* Work to be completed *
From the listing below, copy only the lines running from the line that contains "55e1b9159b Unisex Bamboo" to the line that contains "Картинка для детей корона для принцессы", both included.

* Records supplied *
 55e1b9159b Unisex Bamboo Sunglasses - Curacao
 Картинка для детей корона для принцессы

...

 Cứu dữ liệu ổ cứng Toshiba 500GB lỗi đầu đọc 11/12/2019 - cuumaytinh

* Response area *
 55e1b9159b Unisex Bamboo Sunglasses - Curacao
 Картинка для детей корона для принцессы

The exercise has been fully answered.